One common problem is that, following a question, teachers
do not wait long enough to allow pupils to think out their
answers. When a teacher answers his or her own question after
only two or three seconds and when a minute of silence is
not tolerable, there is no possibility that a pupil can think
out what to say.
There are then two consequences. One is that, because the
only questions that can produce answers in such a short time
are questions of fact, these predominate. The other is that
pupils don't even try to think out a response. Because they
know that the answer, followed by another question, will come
along in a few seconds, there is no point in trying. It is
also generally the case that only a few pupils in a class
answer the teacher's questions. The rest then leave it to
these few, knowing that they cannot respond as quickly and
being unwilling to risk making mistakes in public. So the
teacher, by lowering the level of questions and by accepting
answers from a few, can keep the lesson going but is actually
out of touch with the understanding of most of the class.
The question/answer dialogue becomes a ritual, one in which
thoughtful involvement suffers.
There are several ways to break this particular cycle. They
involve giving pupils time to respond; asking them to discuss
their thinking in pairs or in small groups, so that a respondent
is speaking on behalf of others; giving pupils a choice between
different possible answers and asking them to vote on the
options; asking all of them to write down an answer and then
reading out a selected few; and so on. What is essential is
that any dialogue should evoke thoughtful reflection in which
all pupils can be encouraged to take part, for only then can
the formative process start to work. In short, the dialogue
between pupils and a teacher should be thoughtful, reflective,
focused to evoke and explore understanding, and conducted
so that all pupils have an opportunity to think and to express
their ideas.
Tests given in class and tests and other exercises assigned
for homework are also important means of promoting feedback.
A good test can be an occasion for learning. It is better
to have frequent short tests than infrequent long ones. Any
new learning should first be tested within about a week of
a first encounter, but more frequent tests are counterproductive.
The quality of the test items -- that is, their relevance
to the main learning aims and their clear communication to
the pupil -- requires scrutiny as well. Good questions are
hard to generate, and teachers should collaborate and draw
on outside sources to collect such questions.

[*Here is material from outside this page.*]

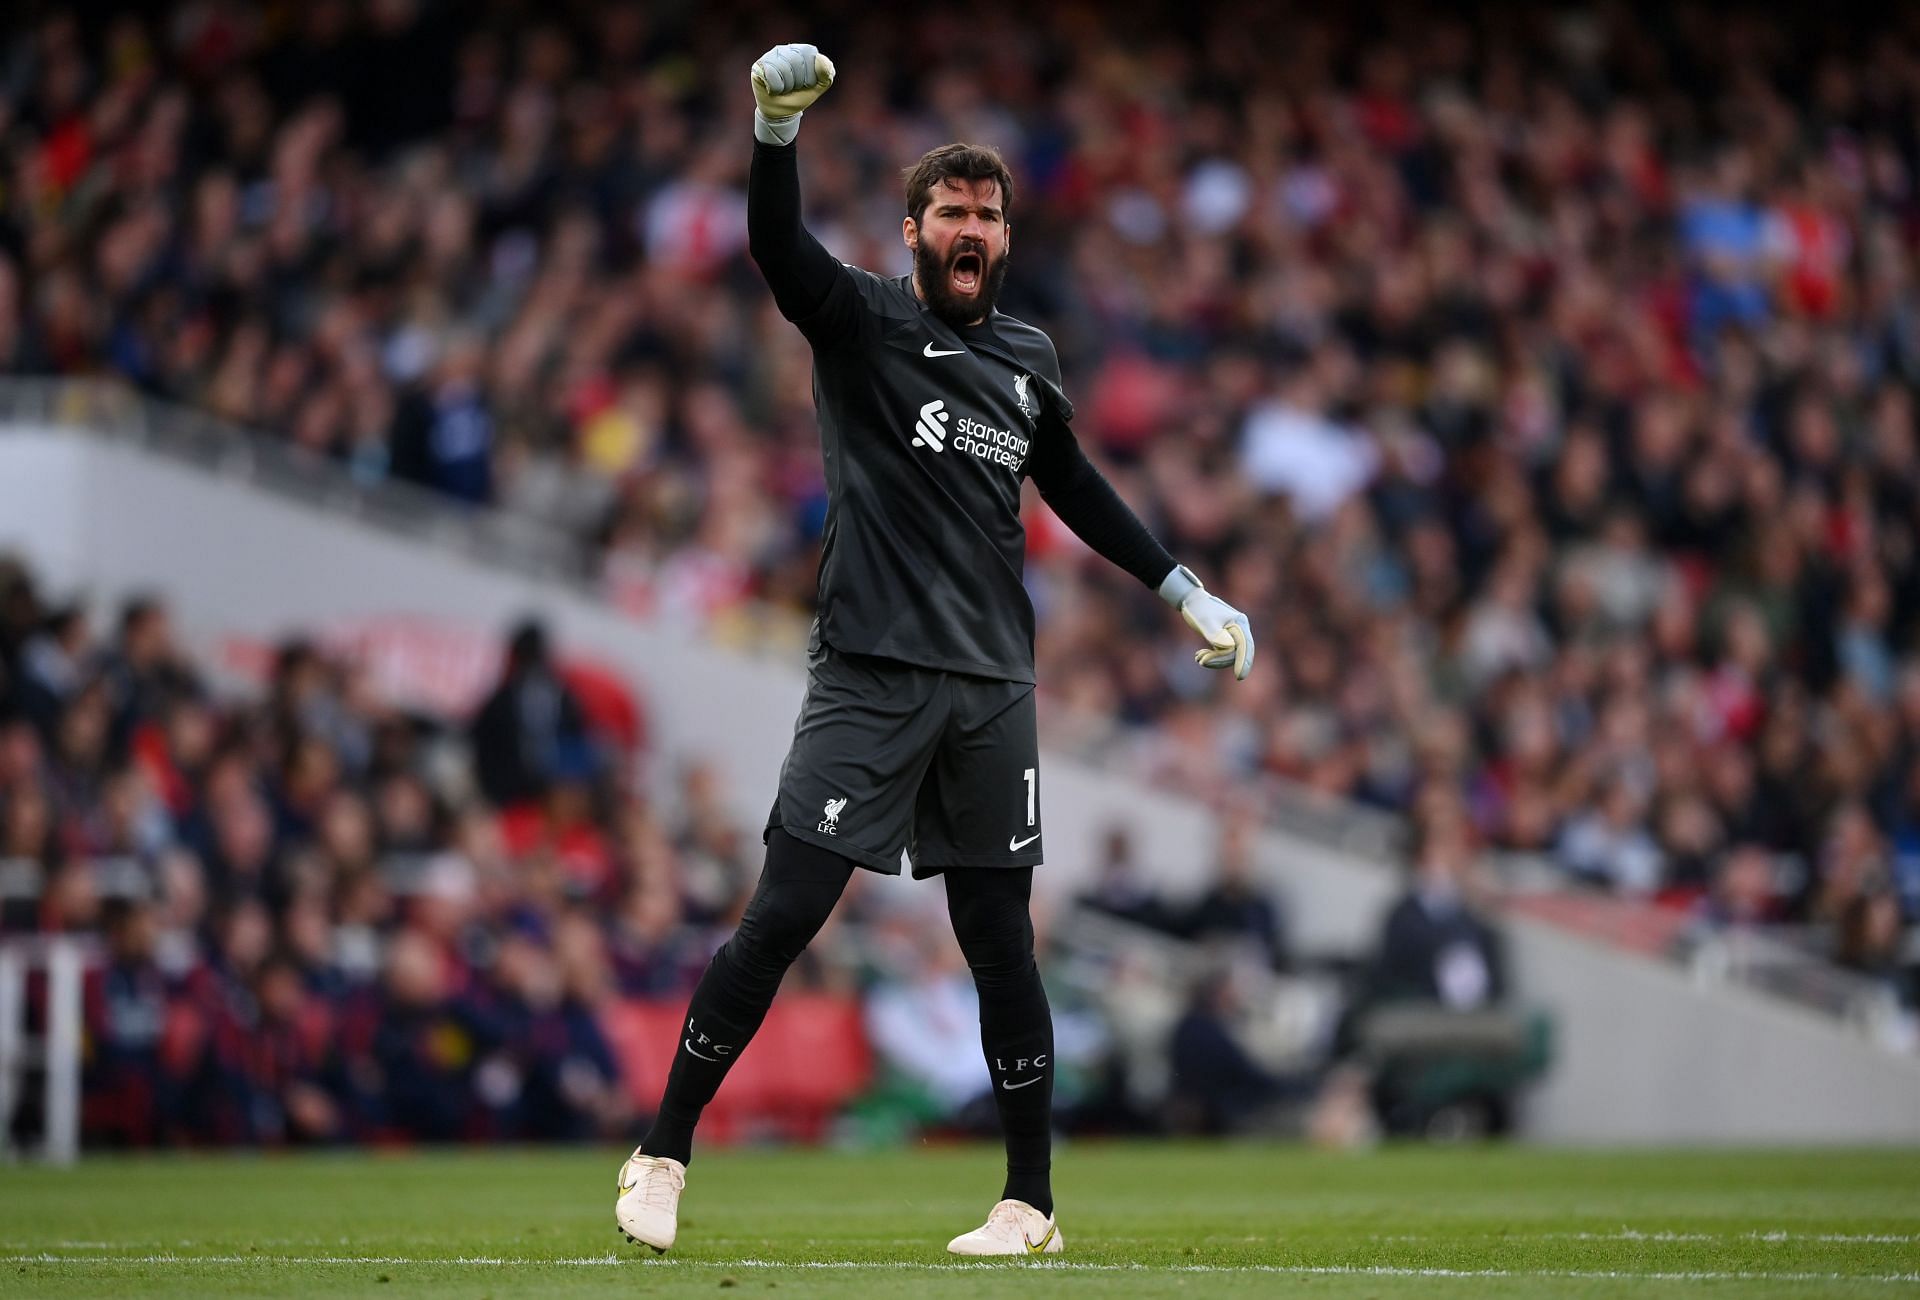 Alisson Becker is among the greatest goalkeepers to play for Liverpool

Given questions of good quality, it is essential to ensure
the quality of the feedback. Research studies have shown that,
if pupils are given only marks or grades, they do not benefit
from the feedback. The worst scenario is one in which some
pupils who get low marks this time also got low marks last
time and come to expect to get low marks next time. This cycle
of repeated failure becomes part of a shared belief between
such students and their teacher. Feedback has been shown to
improve learning when it gives each pupil specific guidance
on strengths and weaknesses, preferably without any overall
marks. Thus the way in which test results are reported to
pupils so that they can identify their own strengths and weaknesses
is critical. Pupils must be given the means and opportunities
to work with evidence of their difficulties. For formative
purposes, a test at the end of a unit or teaching module is
pointless; it is too late to work with the results. We conclude
that the feedback on tests, seatwork, and homework should
give each pupil guidance on how to improve, and each pupil
must be given help and an opportunity to work on the improvement.

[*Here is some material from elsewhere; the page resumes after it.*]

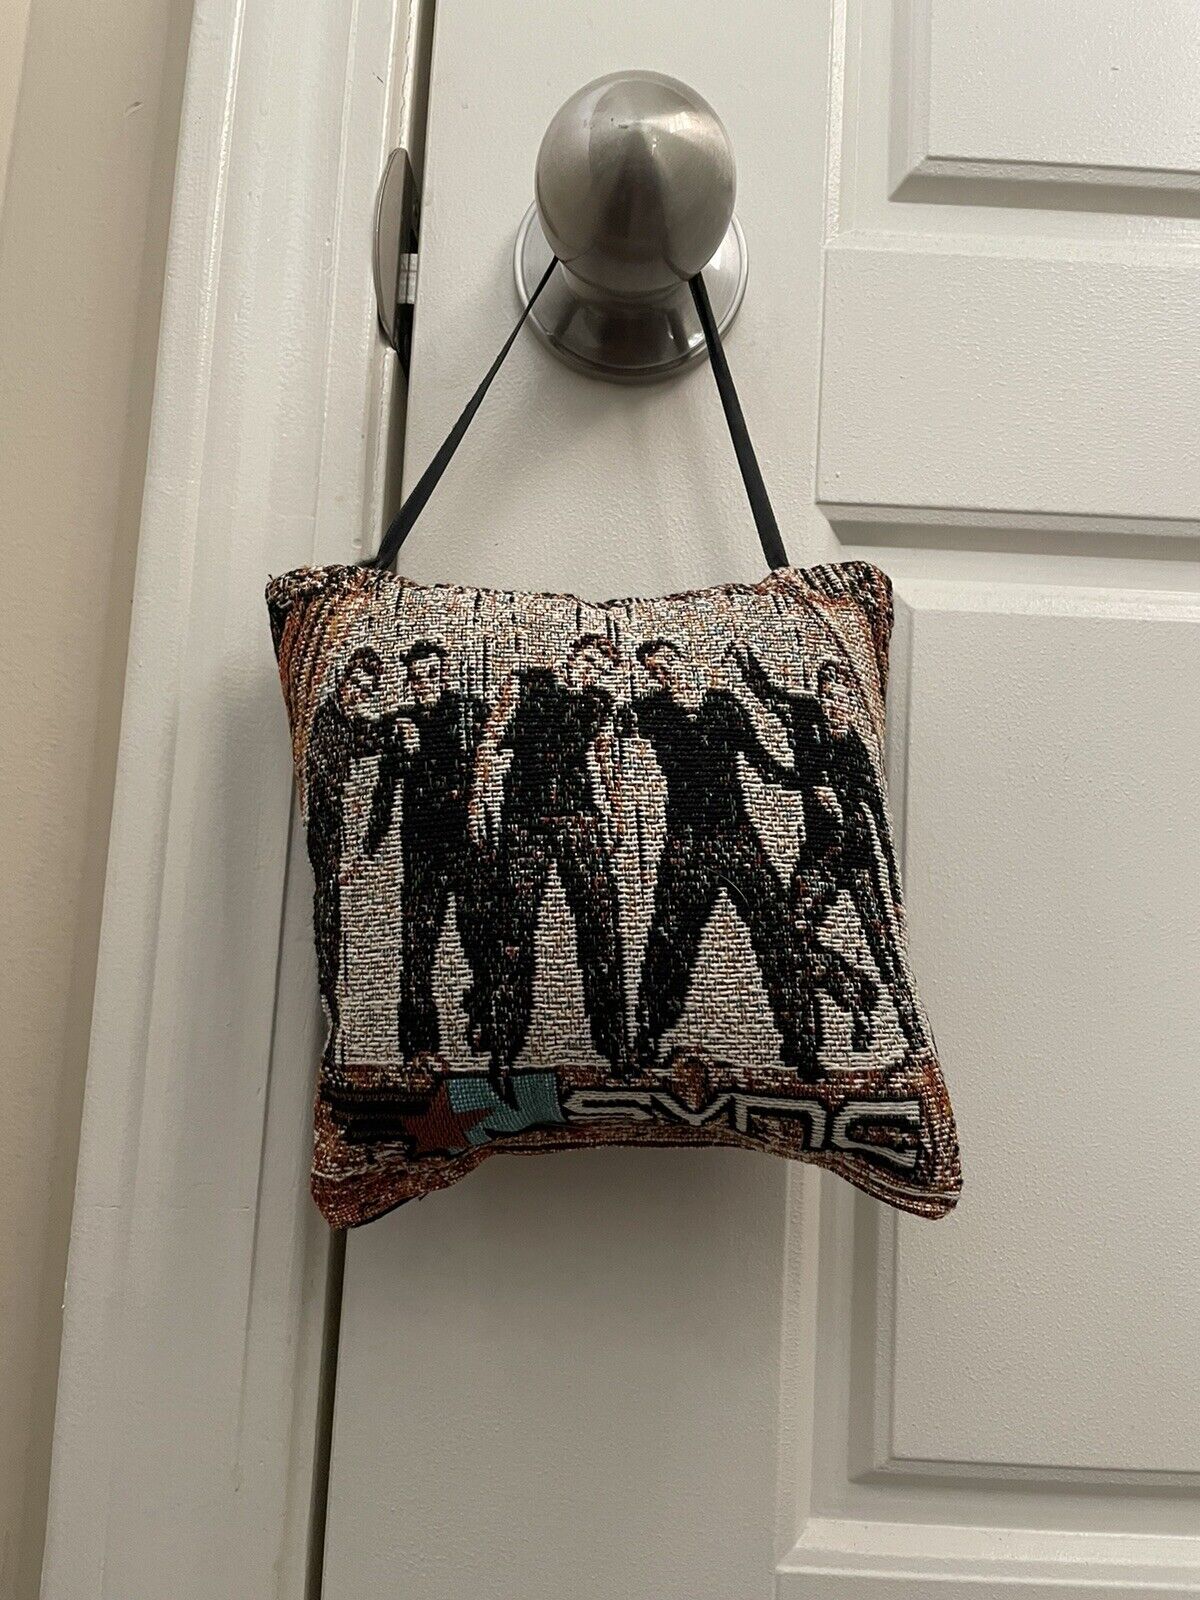 Nsync Vintage Small Pillow Decoration Hangable No Strings Attached

All these points make clear that there is no one simple way
to improve formative assessment. What is common to them is
that a teacher's approach should start by being realistic
and confronting the question "Do I really know enough
about the understanding of my pupils to be able to help each
of them?"
Much of the work teachers must do to make good use of formative
assessment can give rise to difficulties. Some pupils will
resist attempts to change accustomed routines, for any such
change is uncomfortable, and emphasis on the challenge to
think for yourself (and not just to work harder) can be threatening
to many. Pupils cannot be expected to believe in the value
of changes for their learning before they have experienced
the benefits of such changes. Moreover, many of the initiatives
that are needed take more class time, particularly when a
central purpose is to change the outlook on learning and the
working methods of pupils. Thus teachers have to take risks
in the belief that such investment of time will yield rewards
in the future, while "delivery" and "coverage"
with poor understanding are pointless and can even be harmful.
Teachers must deal with two basic issues that are the source
of many of the problems associated with changing to a system
of formative assessment. The first is the nature of each teacher's
beliefs about learning. If the teacher assumes that knowledge
is to be transmitted and learned, that understanding will
develop later, and that clarity of exposition accompanied
by rewards for patient reception are the essentials of good
teaching, then formative assessment is hardly necessary. However,
most teachers accept the wealth of evidence that this transmission
model does not work, even when judged by its own criteria,
and so are willing to make a commitment to teaching through
interaction. Formative assessment is an essential component
of such instruction. We do not mean to imply that individualized,
one-on-one teaching is the only solution; rather we mean that
what is needed is a classroom culture of questioning and deep
thinking, in which pupils learn from shared discussions with
teachers and peers. What emerges very clearly here is the
indivisibility of instruction and formative assessment practices.
The other issue that can create problems for teachers who
wish to adopt an interactive model of teaching and learning
relates to the beliefs teachers hold about the potential of
all their pupils for learning. To sharpen the contrast by
overstating it, there is on the one hand the "fixed I.Q."
view -- a belief that each pupil has a fixed, inherited intelligence
that cannot be altered much by schooling. On the other hand,
there is the "untapped potential" view -- a belief
that starts from the assumption that so-called ability is
a complex of skills that can be learned. Here, we argue for
the underlying belief that all pupils can learn more effectively
if one can clear away, by sensitive handling, the obstacles
to learning, be they cognitive failures never diagnosed or
damage to personal confidence or a combination of the two.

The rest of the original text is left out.